После этого бандит, конечно, бежал из ресторана. И целых два часа о нем ничего слышно не было. Но к полудню на след его напали постовые ГИБДД, заметившие, что за рулем автомобиля, принадлежащего прокурору области, сидит не тот человек, которому постовые привыкли каждый день отдавать честь, а какой-то другой — с совершенно уголовной харей.
«Да, — писал дальше Багдадский, отчего-то сбиваясь с беглого журналистского стиля на слог католического проповедника, — поистине неисповедимы пути Господни!

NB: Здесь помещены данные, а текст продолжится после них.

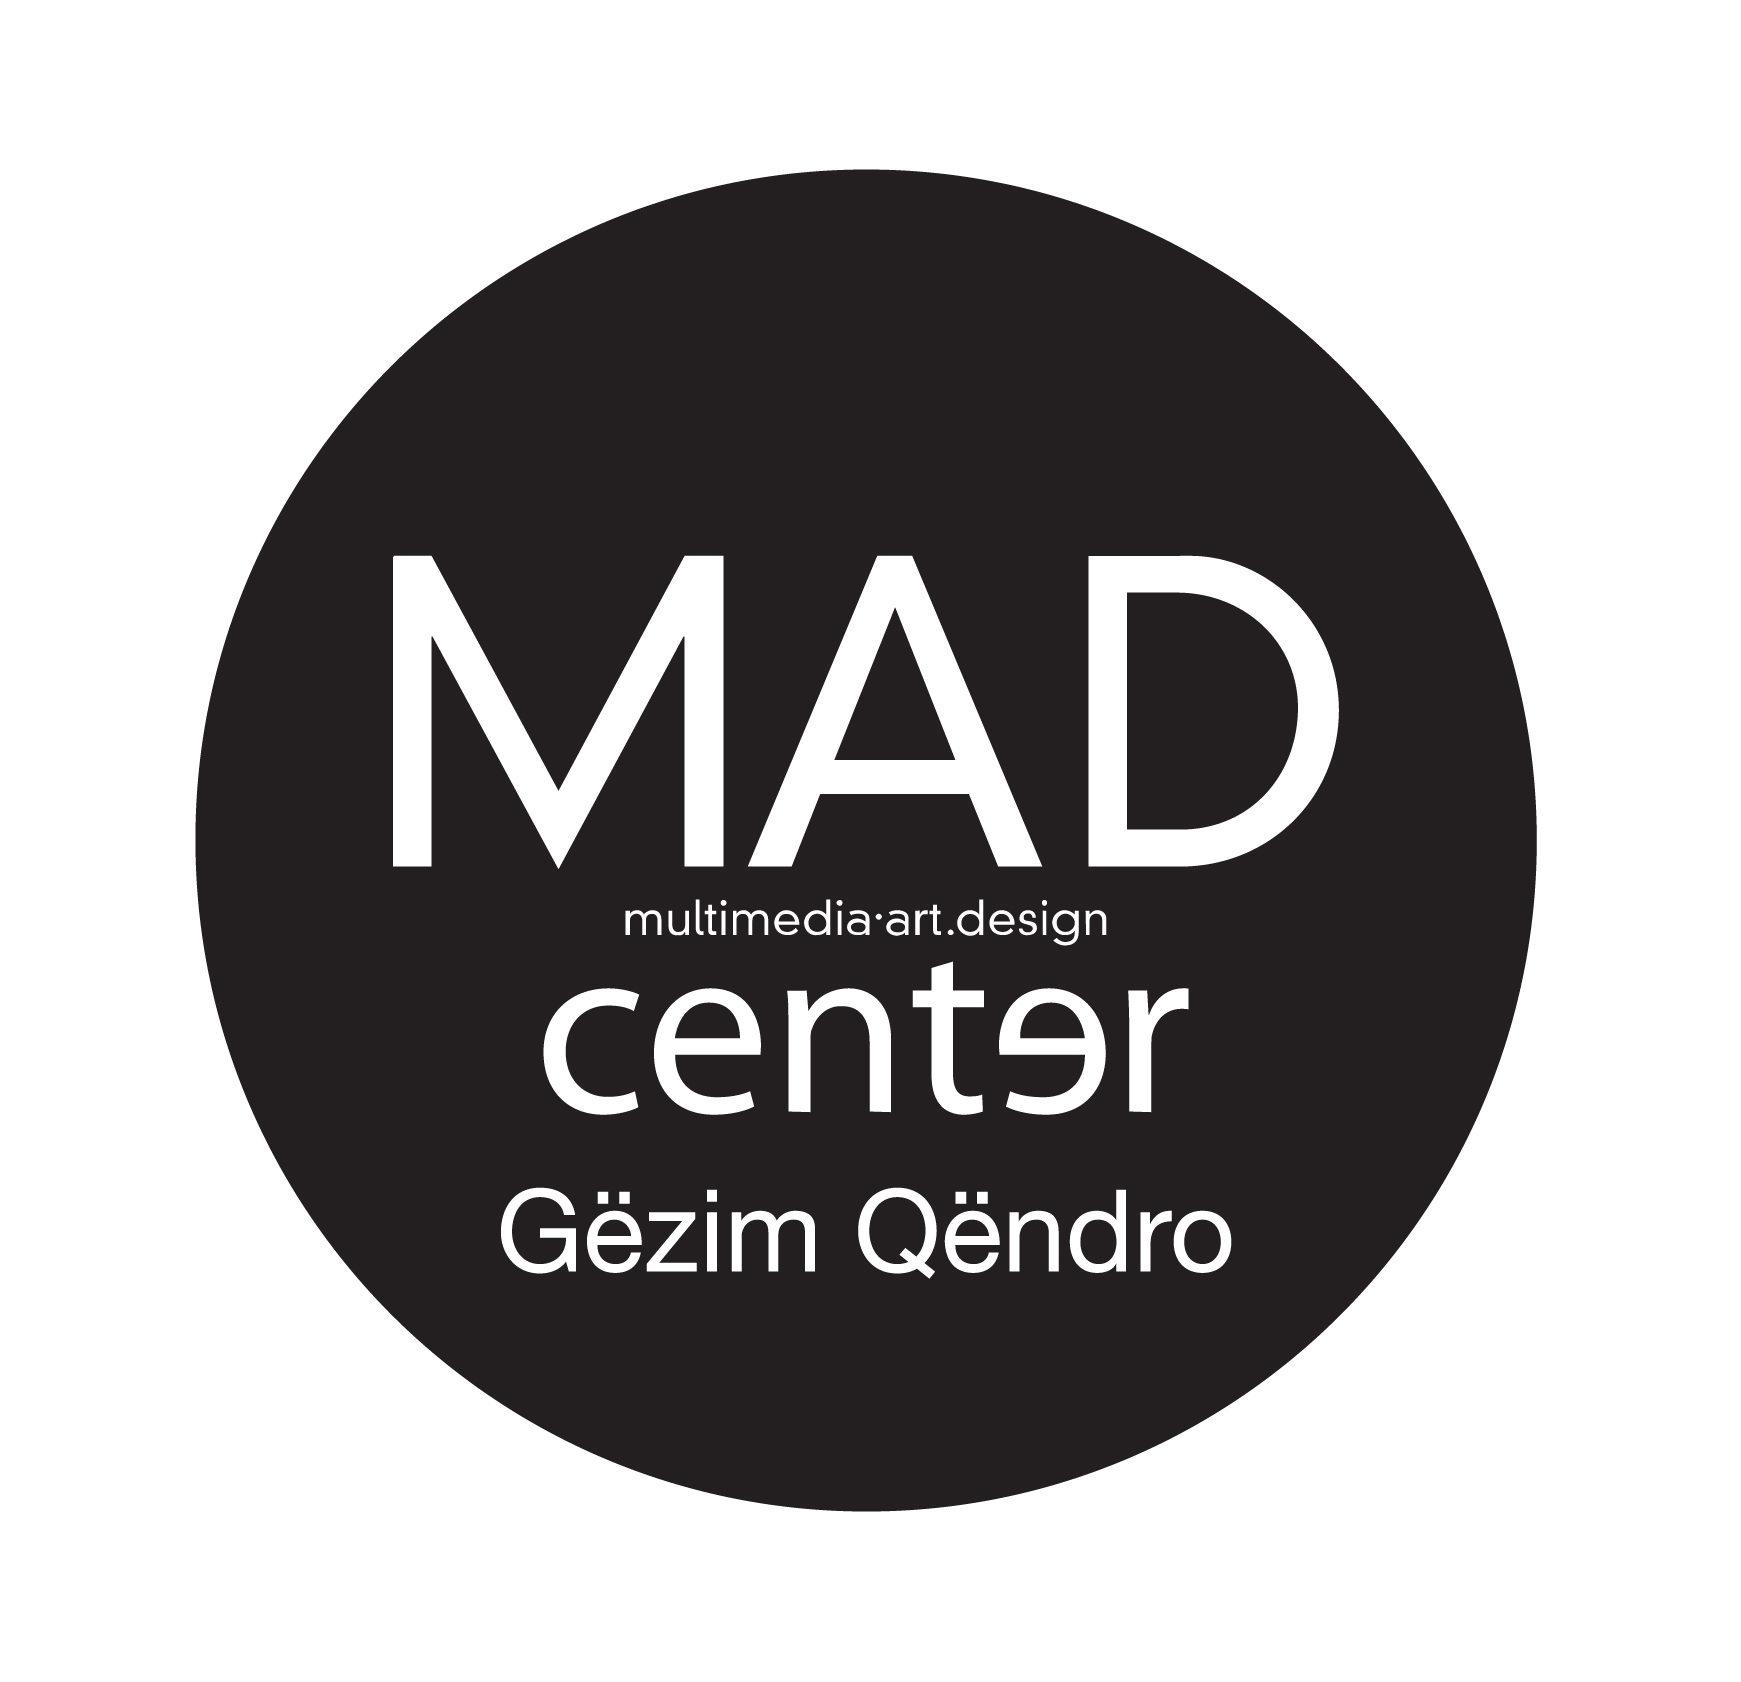 MAD Center

Если бы Шорох угнал не машину прокурора области, а какую-нибудь другую, то карающая длань правосудия вряд ли настигла бы его!..»
— Нелепица, — вслух прокомментировал всплывшую в памяти целиком цитату Степан Михайлович. — Во-первых, из дальнейшего повествования известно, что карающая длань правосудия Шороха так и не настигла, а во-вторых, нет ничего удивительного в том, что этот самый Шорох угнал машину, принадлежащую прокурору области… Прокурору области принадлежит половина машин, в области бегающих…

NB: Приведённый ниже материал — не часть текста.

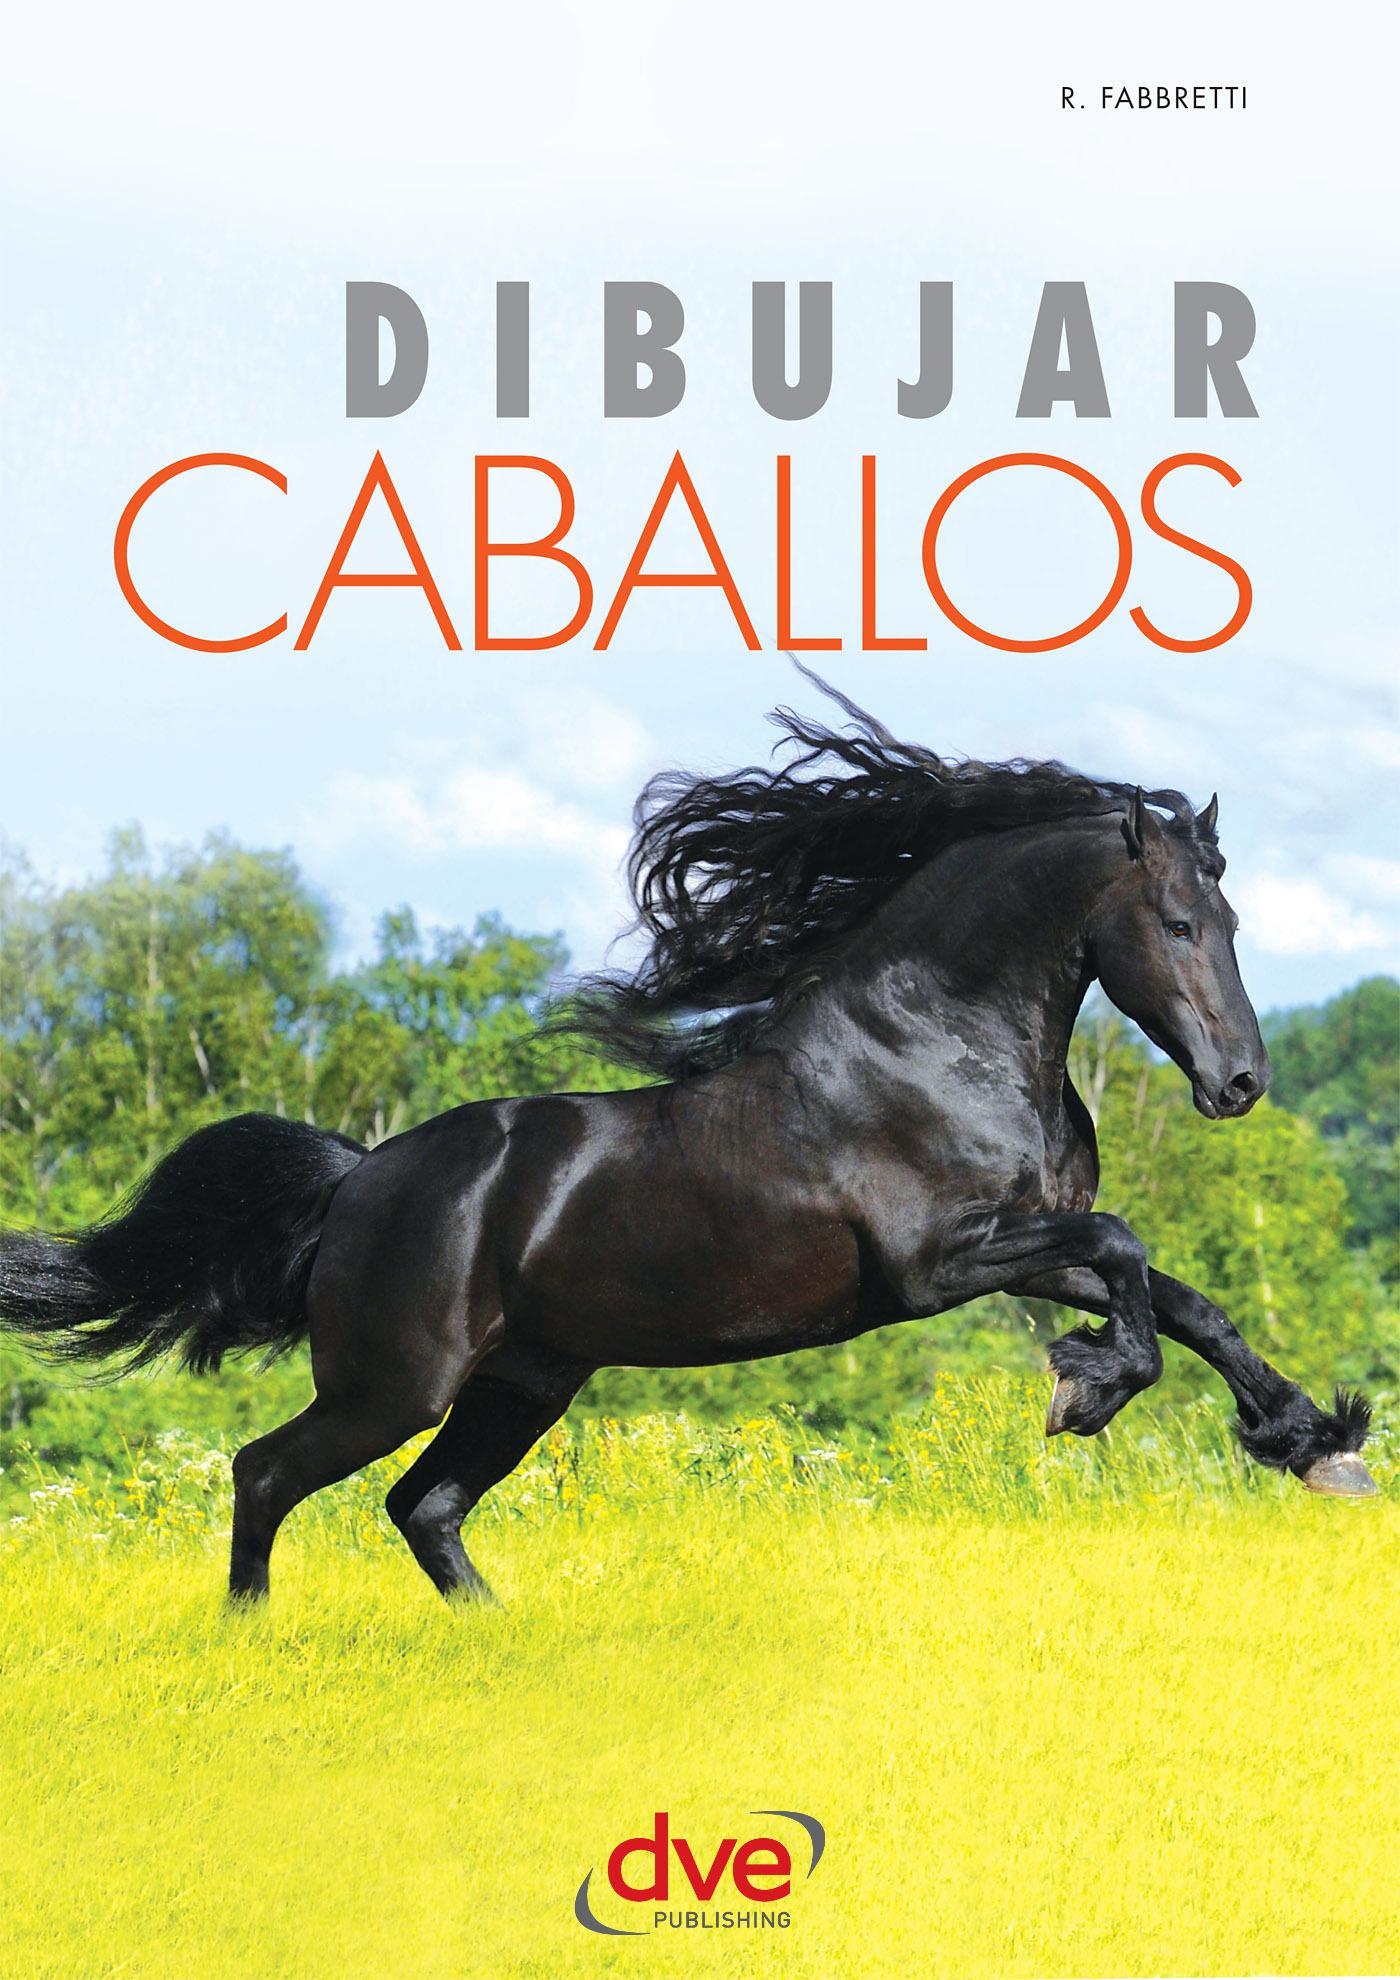 Fabbretti, Roberto - Dibujar caballos, ebook

Турусов усмехнулся и закурил еще одну сигарету.
— Нет, надо же подобную чушь написать? — продолжал размышлять вслух Степан Михайлович. — Если бы и вправду что-то такое случалось, то я бы знал. Я же все-таки журналист. Недавно вернувшийся из отпуска журналист, но все-таки… Кто-нибудь мне все равно сообщил бы. Такое громкое дело! Конечно, можно предположить, что данный факт опростоволосившиеся менты не хотят разглашать, и поэтому происшествие, официально не подтвержденное, обросло бессмысленными слухами, как это часто и бывает…
Тут Степан Михайлович оборвал сам себя и символически сплюнул на чистый паркетный пол.
— Ерунда все это, — сказал он. — Если первой части повествования Багдадского еще можно худо-бедно поверить, то уж вторая не лезет ни в какие рамки…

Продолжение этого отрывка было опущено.